== Records for this exercise ==
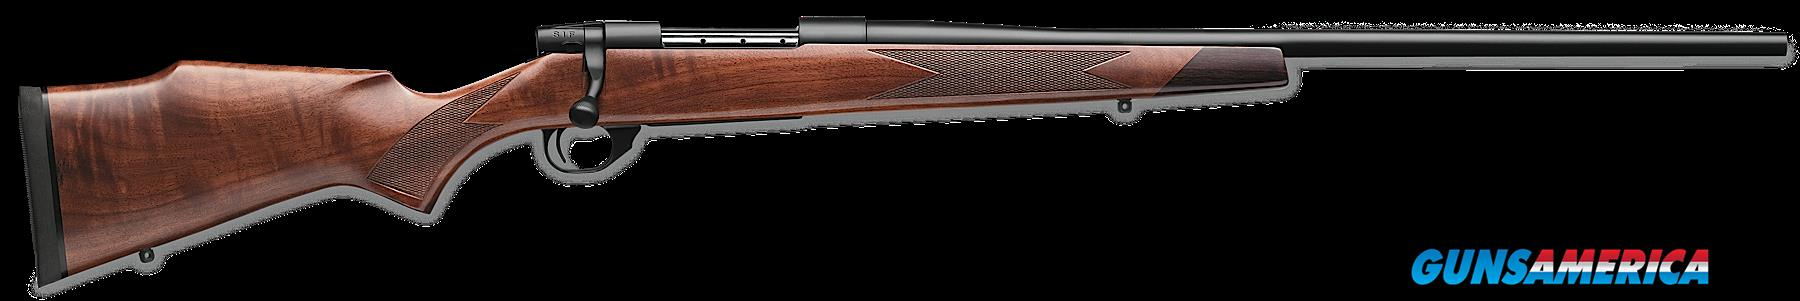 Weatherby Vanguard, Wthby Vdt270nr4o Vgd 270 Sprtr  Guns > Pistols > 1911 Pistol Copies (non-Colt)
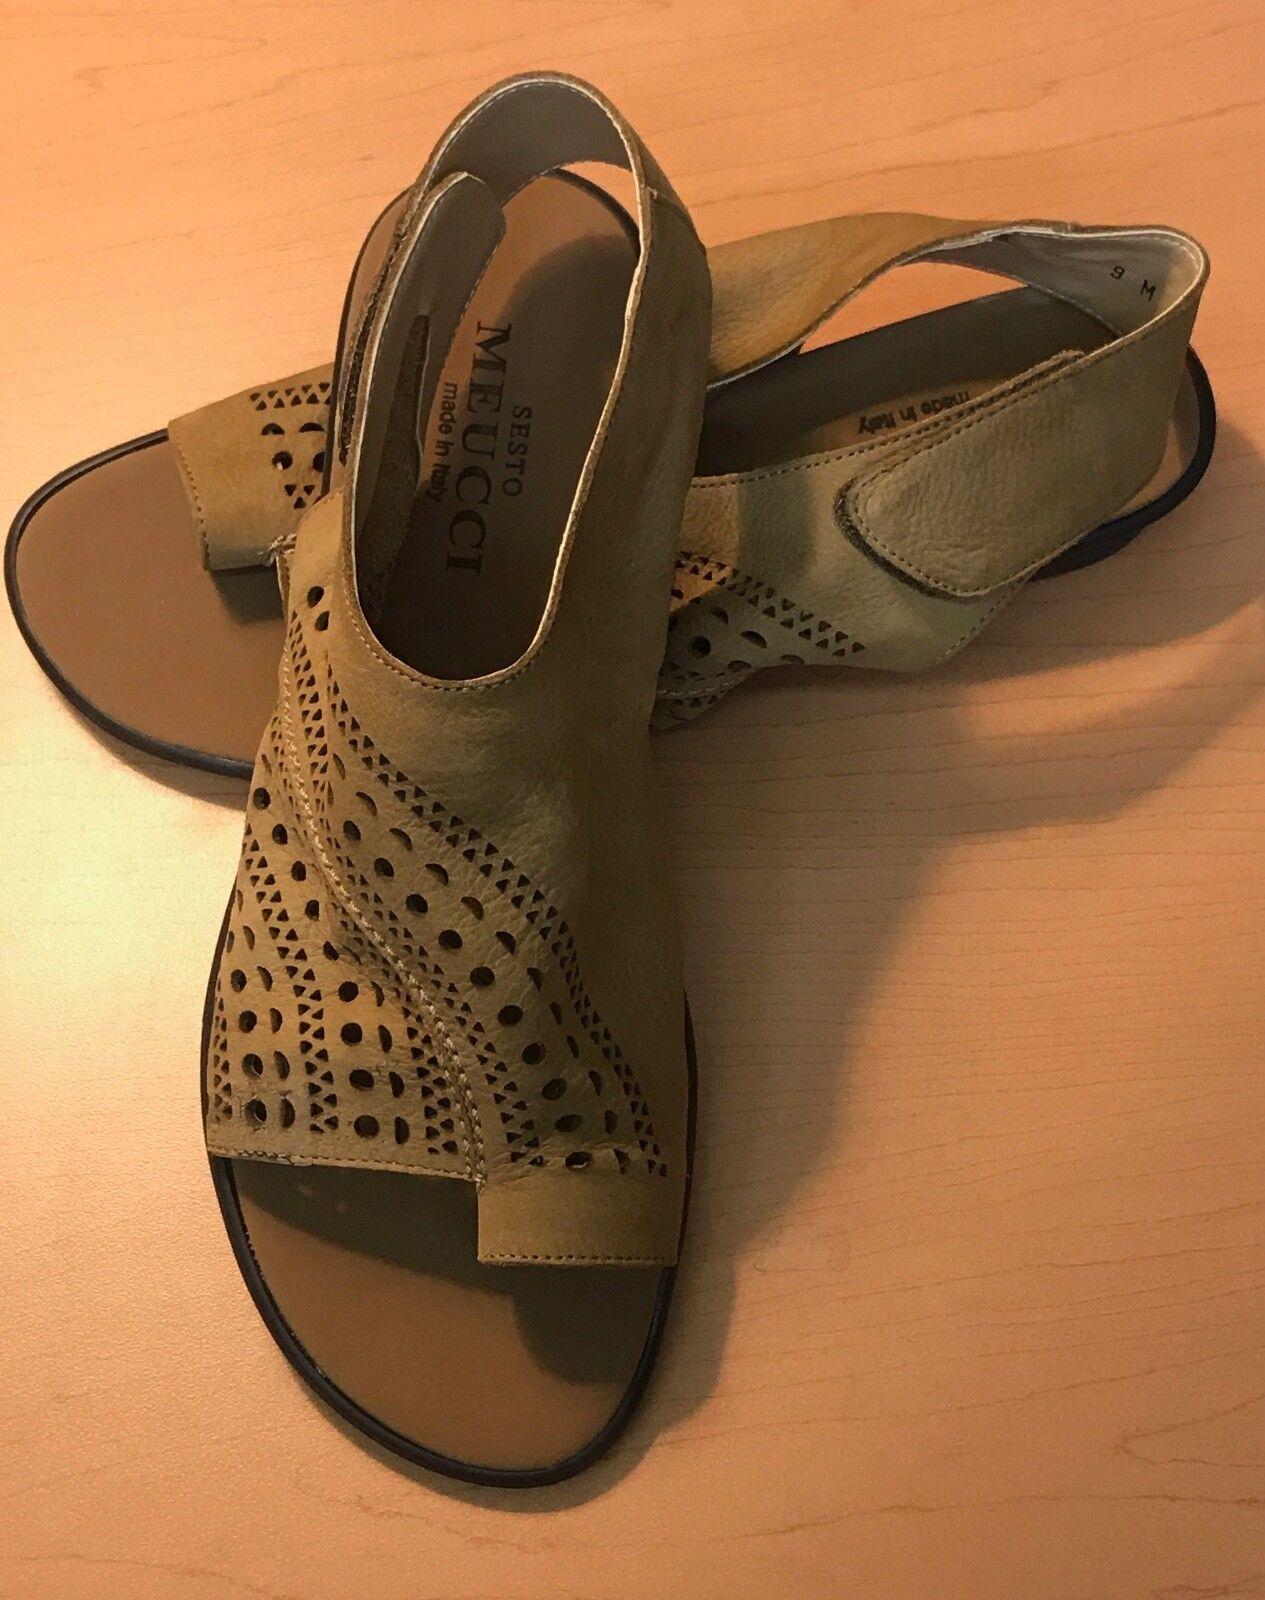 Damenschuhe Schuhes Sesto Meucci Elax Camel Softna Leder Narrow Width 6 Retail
===
== Records for this exercise ==
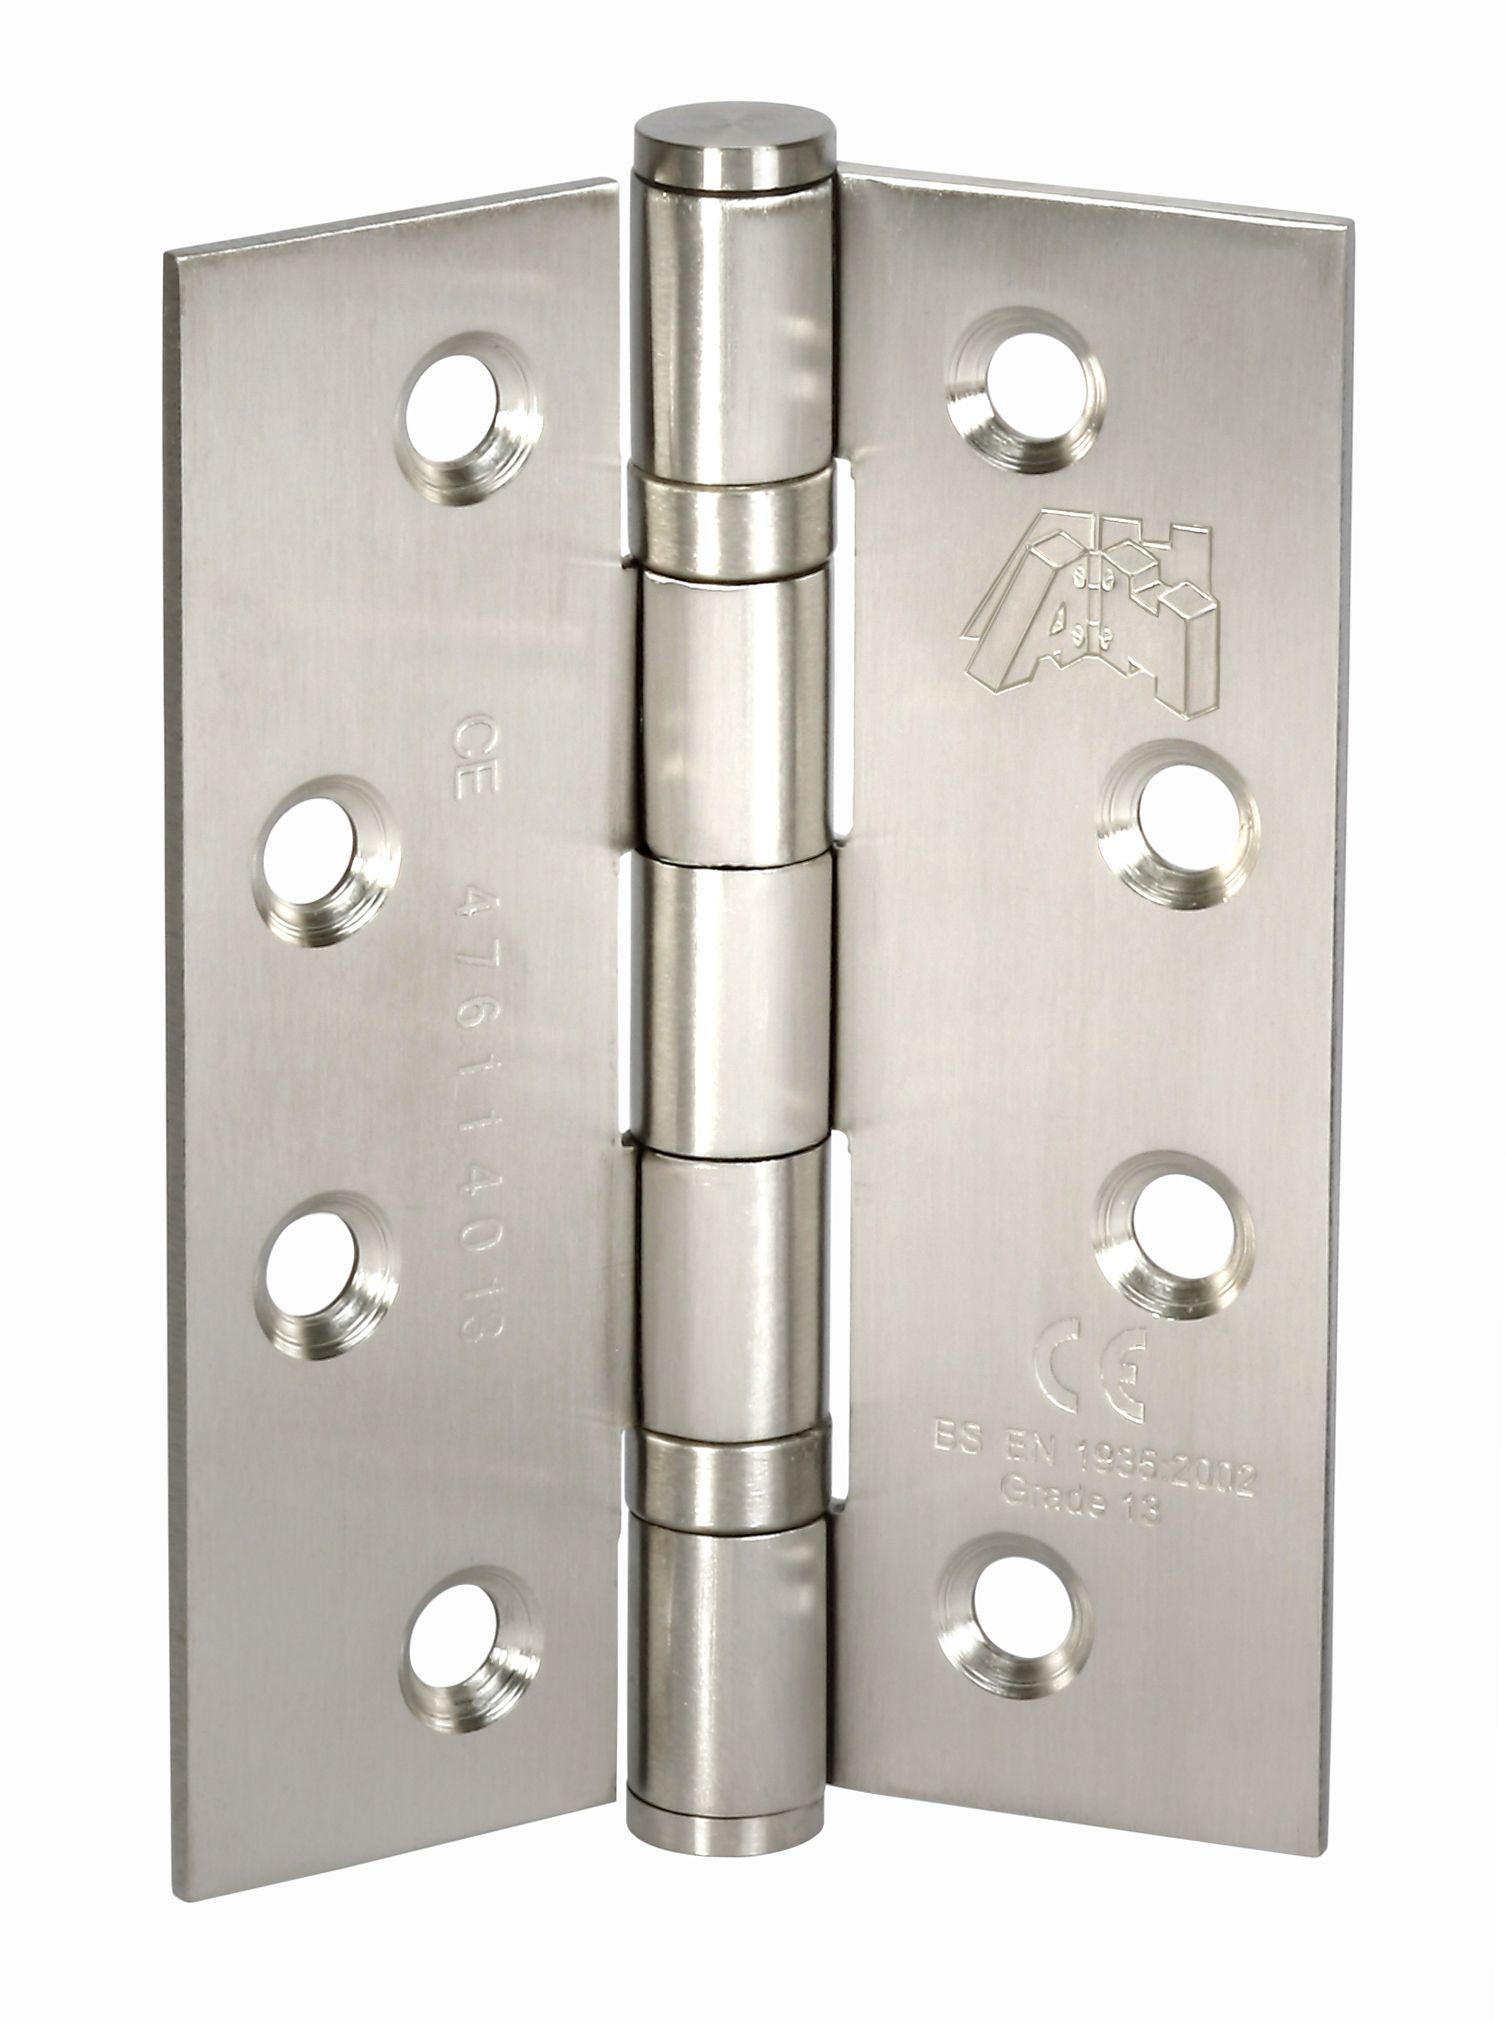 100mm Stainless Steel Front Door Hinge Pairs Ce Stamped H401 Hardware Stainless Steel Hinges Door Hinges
===
* **Work request**:
Quote the data above exactly from the line with "Weatherby Vanguard, Wthby" to the line with "Damenschuhe Schuhes Sesto", both ends counted, and nothing else. Pictures don't go in.

* **Worked solution**:
 Weatherby Vanguard, Wthby Vdt270nr4o Vgd 270 Sprtr  Guns > Pistols > 1911 Pistol Copies (non-Colt)
 Damenschuhe Schuhes Sesto Meucci Elax Camel Softna Leder Narrow Width 6 Retail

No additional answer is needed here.